What is this all about?
What is the point? Why is tithing a part of this religion of freedom? Why should Christians think about money and things, instead of spirituality, visions…clouds, etc.? Christ gives us a parable in our gospel reading today: the rich man and his manager.
“There was a rich man who had a manager, and charges were brought to him that this man was squandering his property. He summoned the manager and said, “What is this that I hear about you? Give an account of your management, because you cannot be my manager any longer.” The manager was caught, but he was very shrewd. He asked himself what he could do then. He was no good at manual labor. He was ashamed to beg. So he came up with a scheme to recover the lost money. “Summoning his master’s debtors one by one, [the manager] asked the first, ‘How much do you owe my master?’ He answered, ‘A hundred jugs of olive oil.’ The manager responded, ‘Take your bill, sit down quickly, and make it fifty.’ Then he asked another, ‘And how much do you owe?’ The man replied, ‘A hundred containers of wheat.’ So the manager said, ‘Take your bill and make it eighty.’ Little by little, this sneaky manager gathered the sums he needed. When he brought them to the master, the master was pleased and commended the manager for his thriftiness.
Jesus Christ finishes this rather bizarre parable in this way, “The people of this world are more shrewd in dealing with their own kind than are the people of the light. I tell you, use worldly wealth to gain friends for yourselves, so that when it is gone, you will be welcomed into eternal dwellings” (Luke 16:1-9).
Have you ever noticed how shrewd people in the world can be? Just read the bio of anyone successful, Bill Gates, Jeff Bezos, quarterback Colt McCoy. All of them climbed the ladder after years of hard work and determination. Networking, ingenuity, cunning…The famous lecturer on success, Earl Nightingale once said:
"There is a time when one must decide either to risk everything to fulfill one's dreams or sit for the rest of one's life in the backyard."
The same principles of success in the business world apply to our spirituality. Men and women have sacrificed everything to achieve worldly success. What are we willing to sacrifice for eternity in paradise?
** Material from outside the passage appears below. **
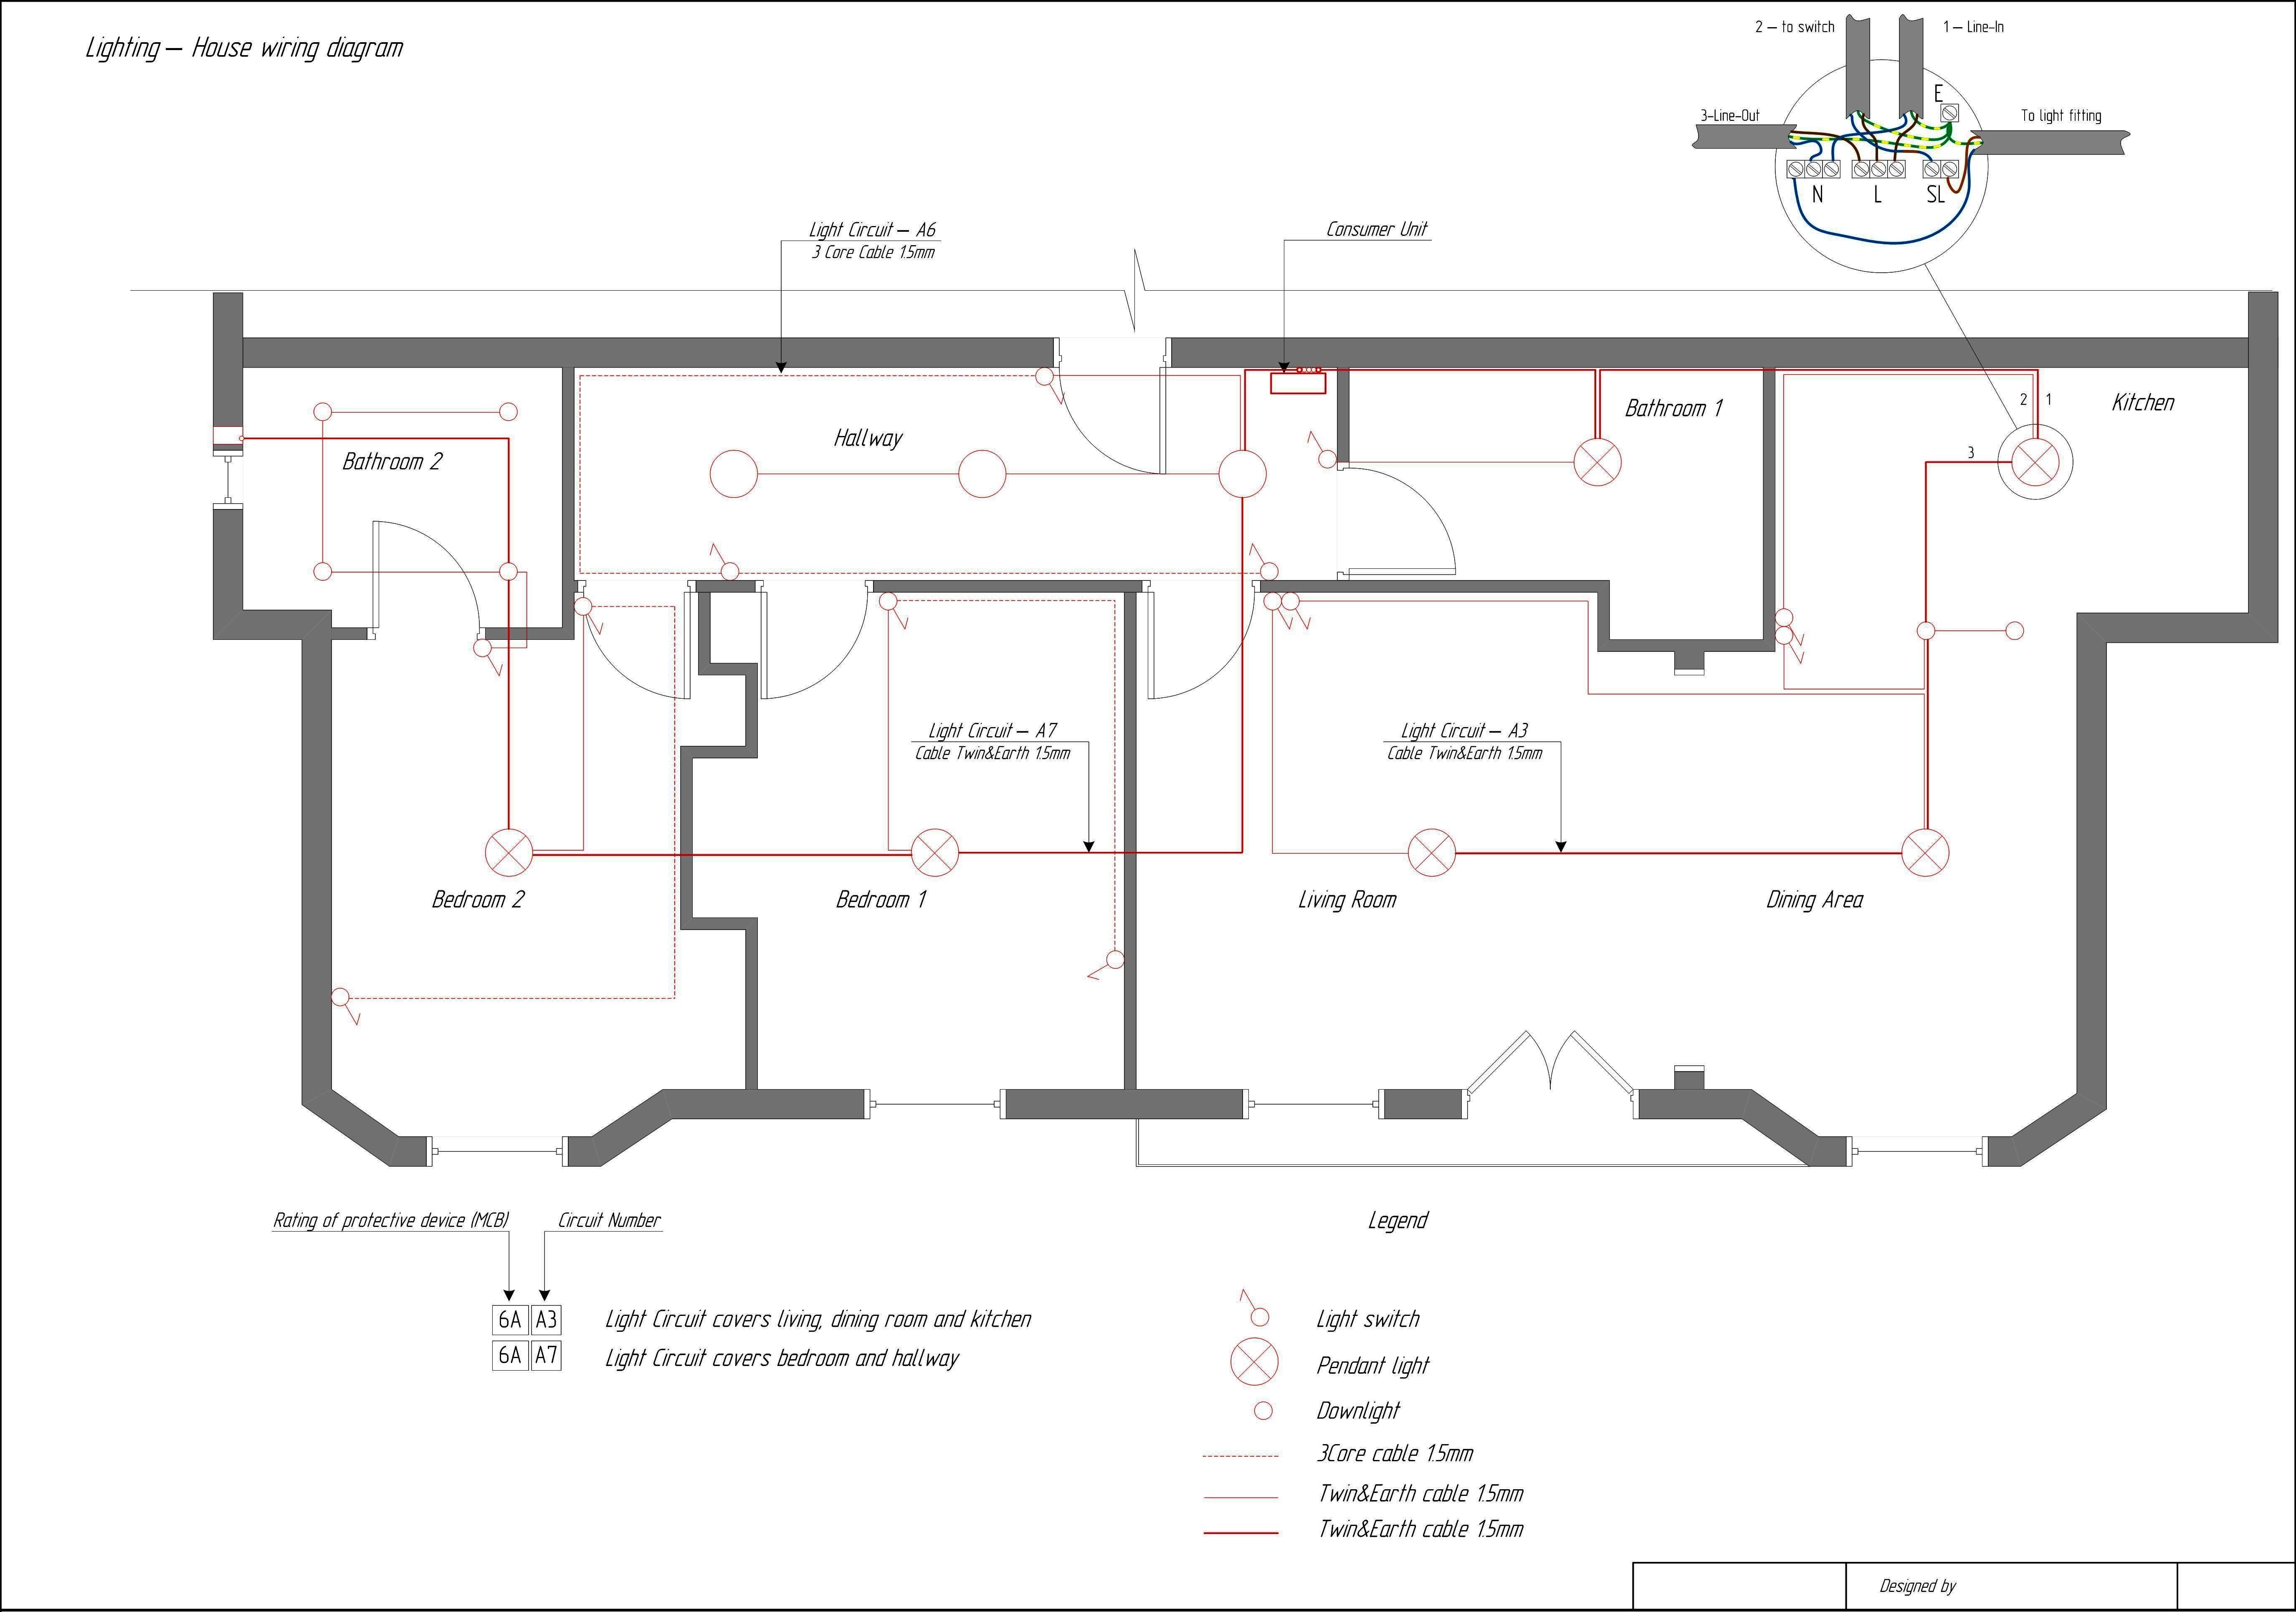 House Wiring Diagram House Wiring Diagrams Database
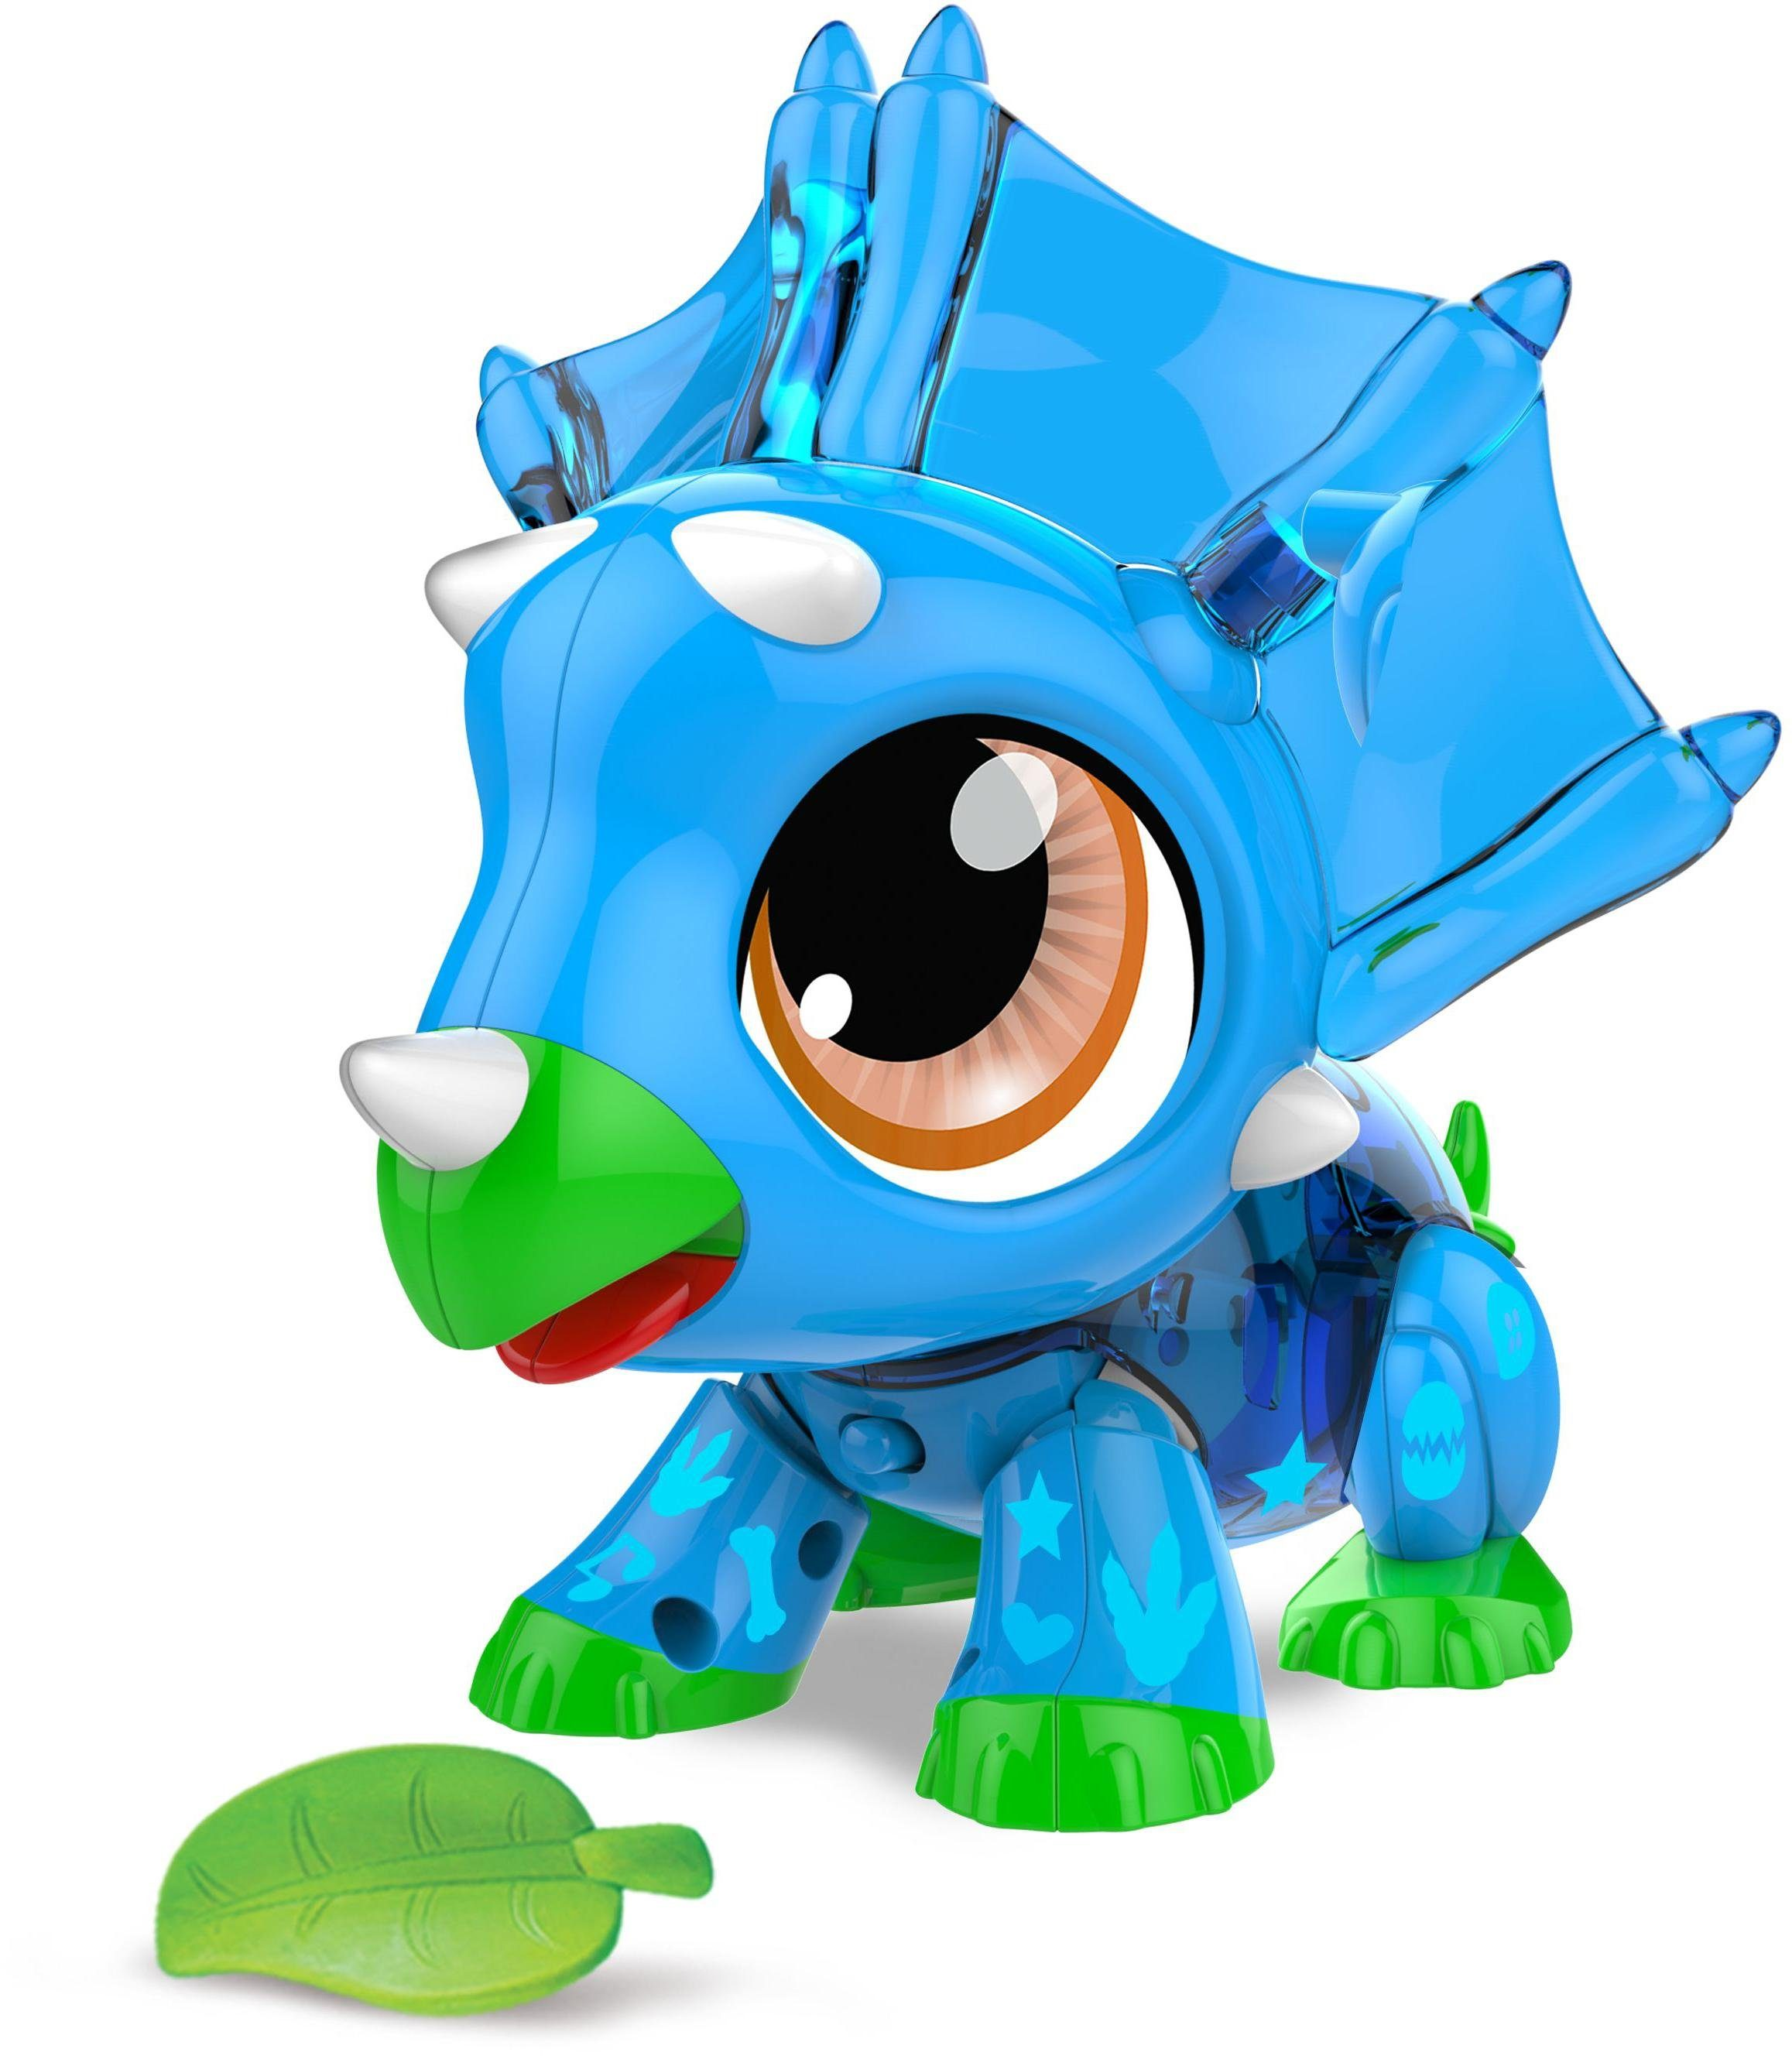 KD Kidz Delight Roboter Baukasten, »Build-A-Bot Dino«

“Bring the whole tithe into the storehouse, That there may be food in my house, and try me in this, says the LORD of hosts: Shall I not open for you the floodgates of heaven, to pour down blessing upon you without measure?” (Malachi 3:10).
God gives to those who give to him.
What a strange year: 2020. I wonder how we will look back at this time, how we will have survived it, and what will have come of it all. No one can doubt that tomorrow looks bleak, and the economy…prospects are not good. In this light, we need to become more serious then ever in tithing. It sounds bizarre. Finances are tighter than ever…give more!? The ways of God are usually just that — upside down from the ways of man. This is our grave moment of choice — when things are rough, towards whose power will we turn?
What is it all for? For joy.
The Church and Saints all ask us to tithe not as a burden, but because of the sheer joy of it. Abraham, Jacob, and all the saints tithed not out of obligation, but because they discovered the rich beauty of a relationship with God. Like a lover drunk with love, they gave up the world for the joy of the beloved. They discovered a wonderful mystery — the more they gave up, the freer they become — no longer attached to the fears and anxiety of this world, their hearts were opened wide to soak in God’s gifts. We are not all called to be monks and give up all our wealth. But we are all called to start where we are, one step at a time, letting go and letting in, so that we can share a taste of the saints’ freedom. Life in Christ is a life of joy if we dare to walk it.